# [Task requirements]
Only the lines from the one containing "Mùi hương nước" through the end of the data below are to be repeated, exactly as given, without pictures.

# [Given information]
⟨

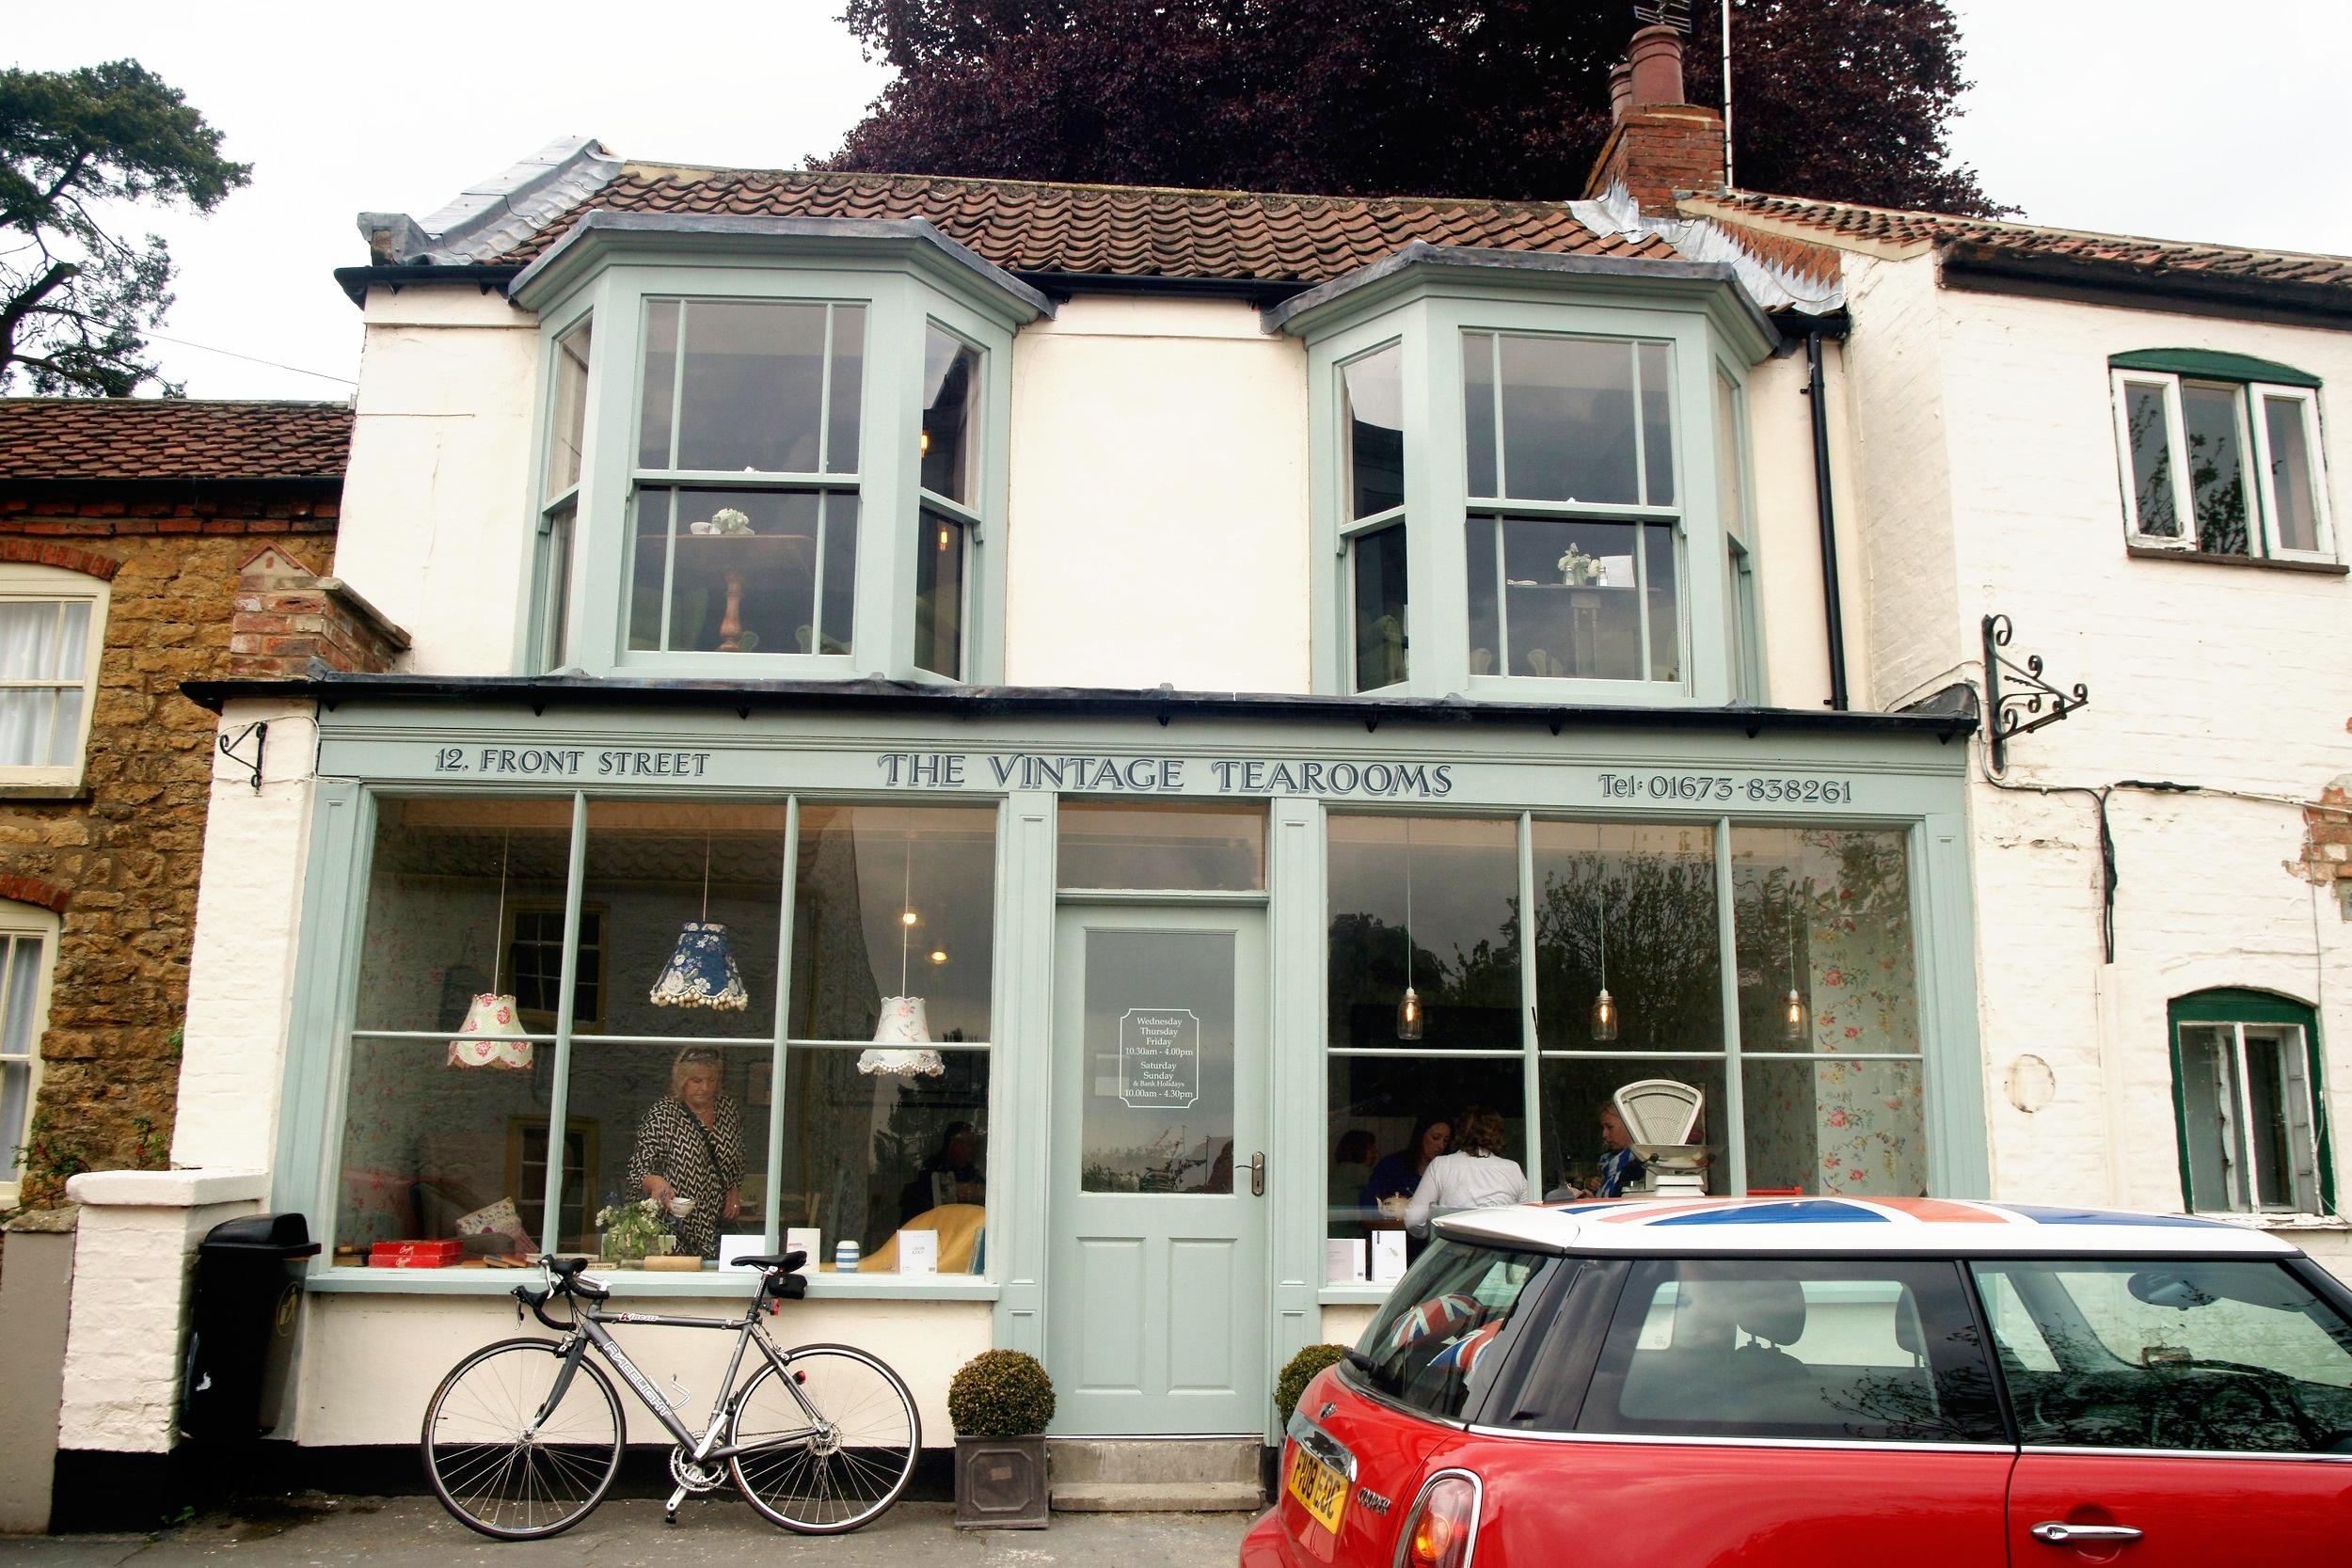 vintage+tearooms+front.jpg
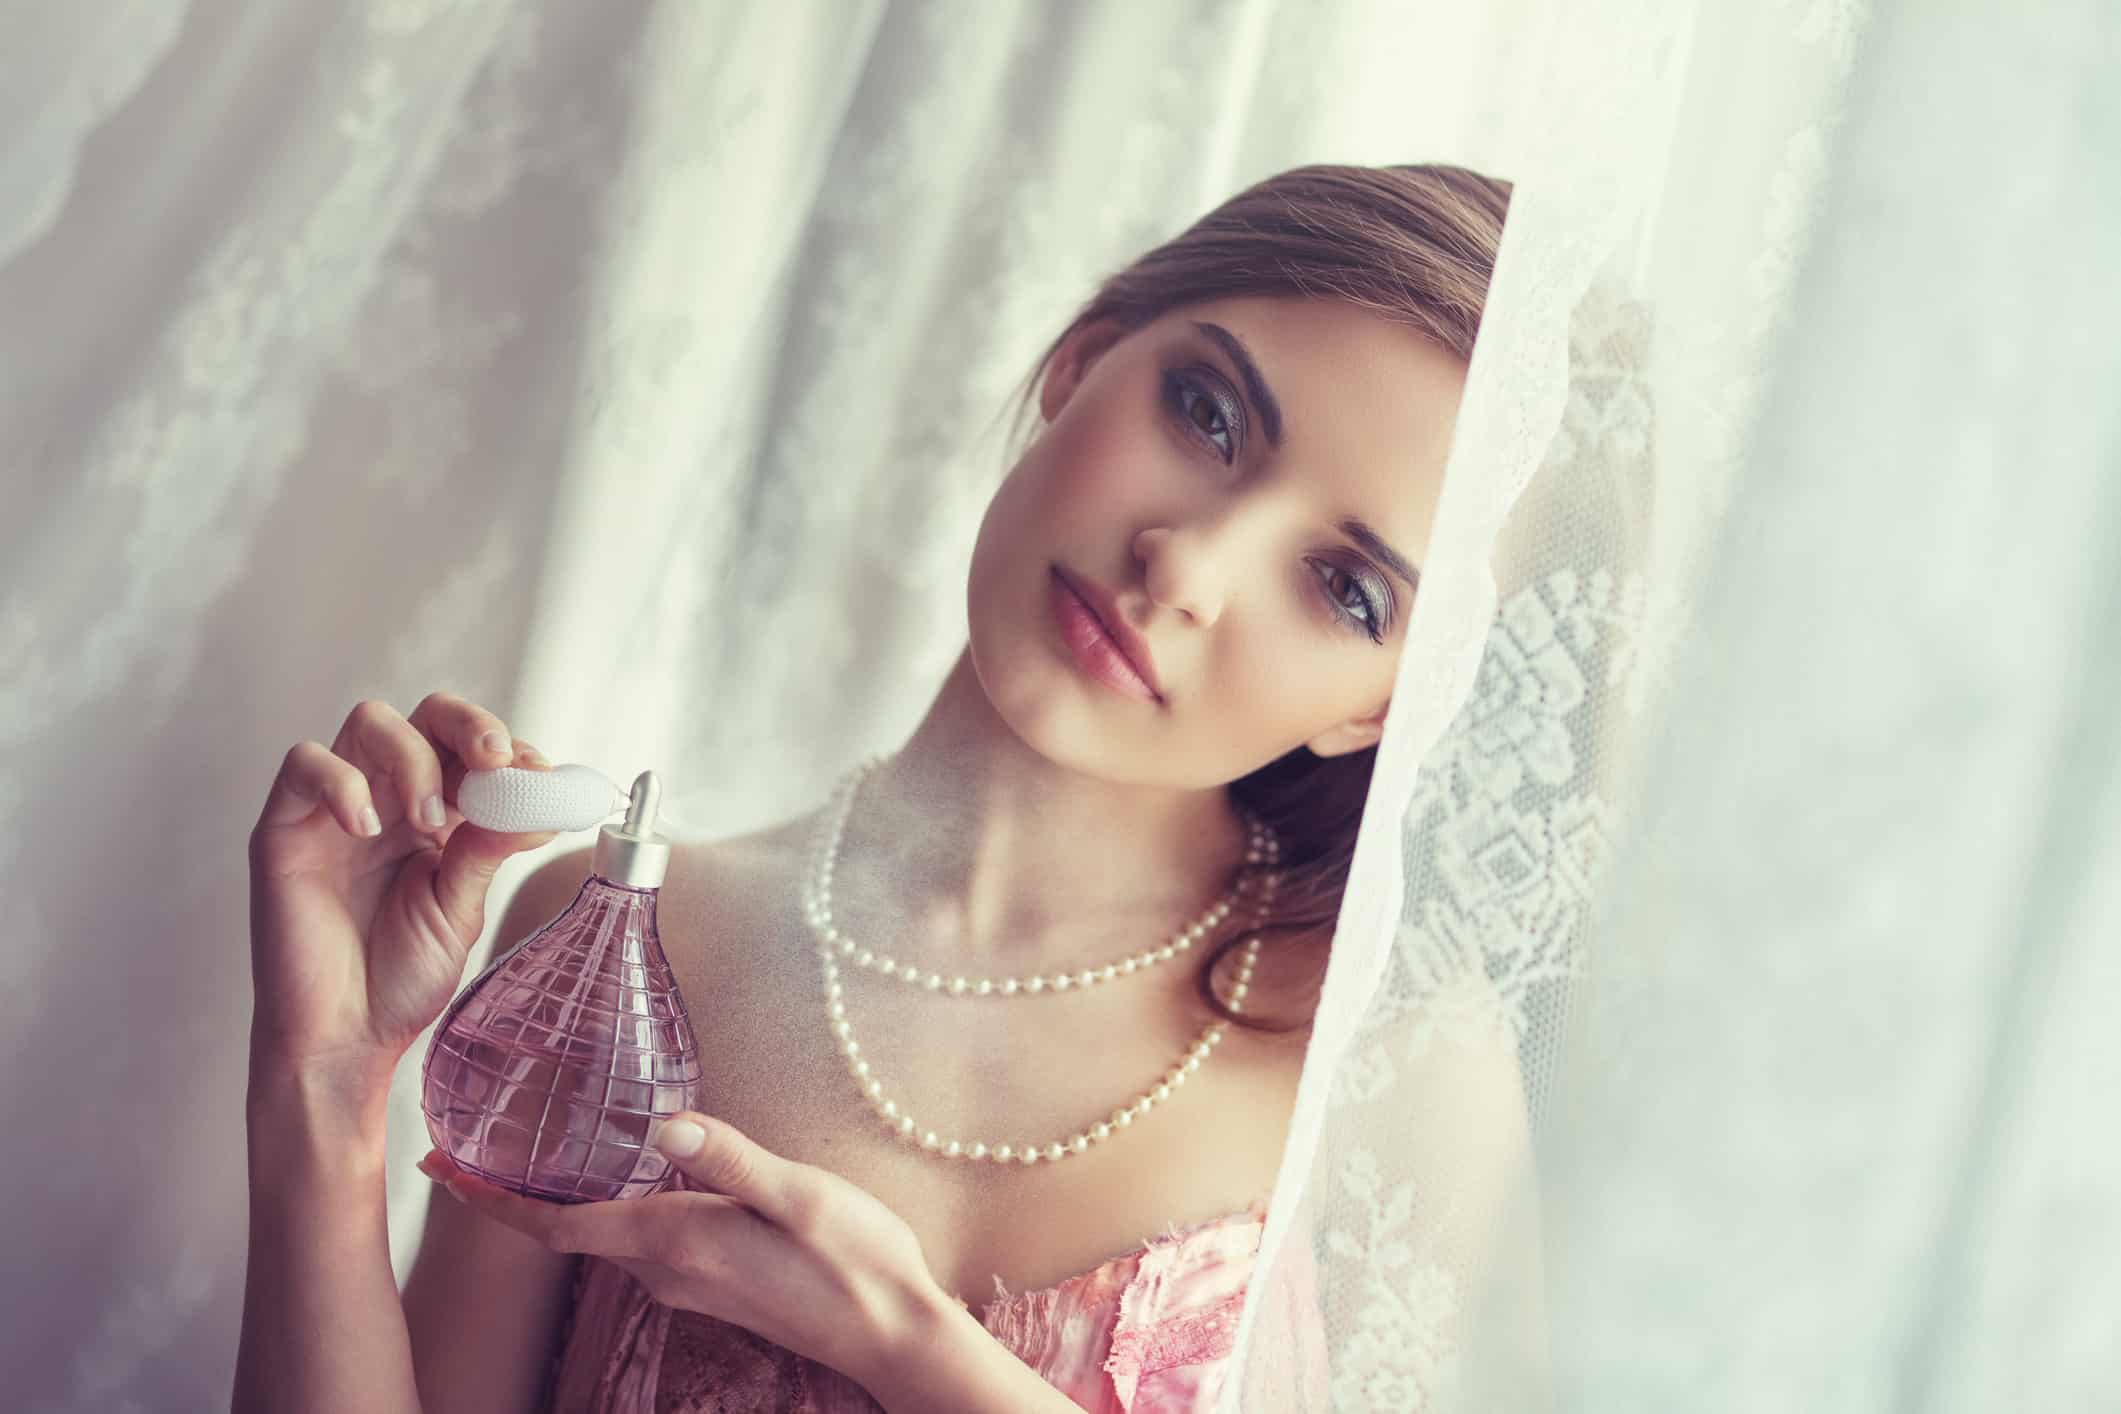 Mùi hương nước hoa tượng trưng cho sự quyến rũ và sức hút lạ kỳ của người phụ nữ.
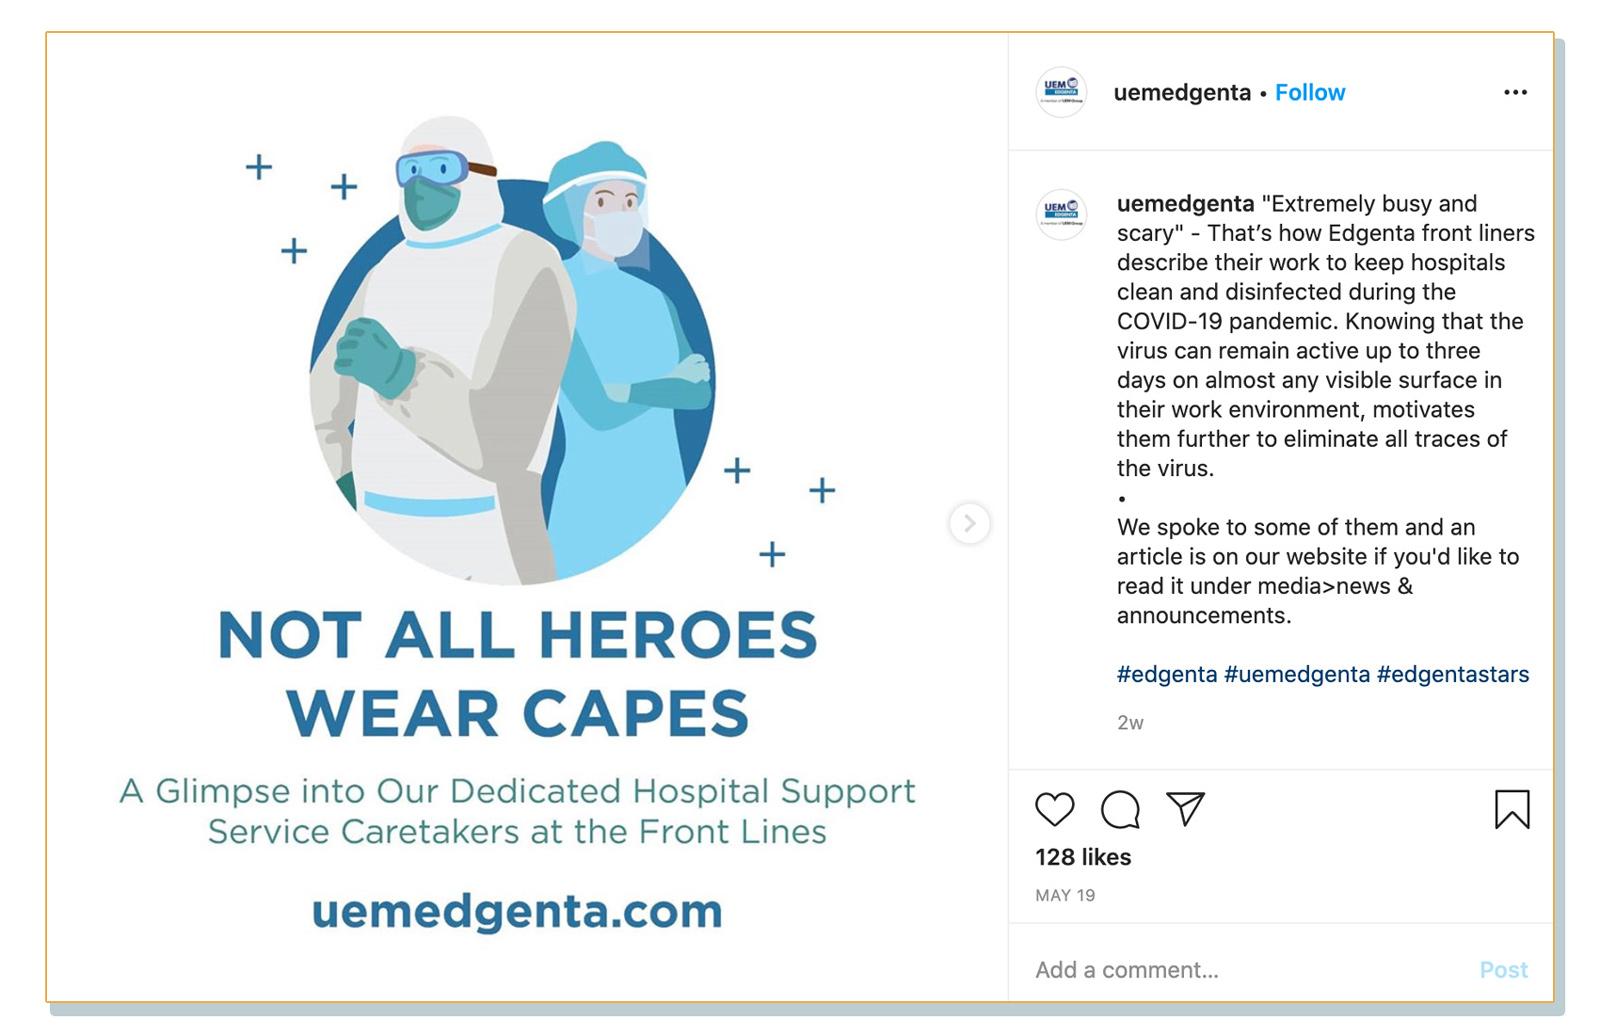 Hantaran dari laman Instagram rasmi UEMS, di mana syarikat itu mengiklankan artikel di laman web mereka yang menemu ramah pekerja perkhidmatan hospital diupah mereka.

⟩

# [Result below]
 Mùi hương nước hoa tượng trưng cho sự quyến rũ và sức hút lạ kỳ của người phụ nữ.
 Hantaran dari laman Instagram rasmi UEMS, di mana syarikat itu mengiklankan artikel di laman web mereka yang menemu ramah pekerja perkhidmatan hospital diupah mereka.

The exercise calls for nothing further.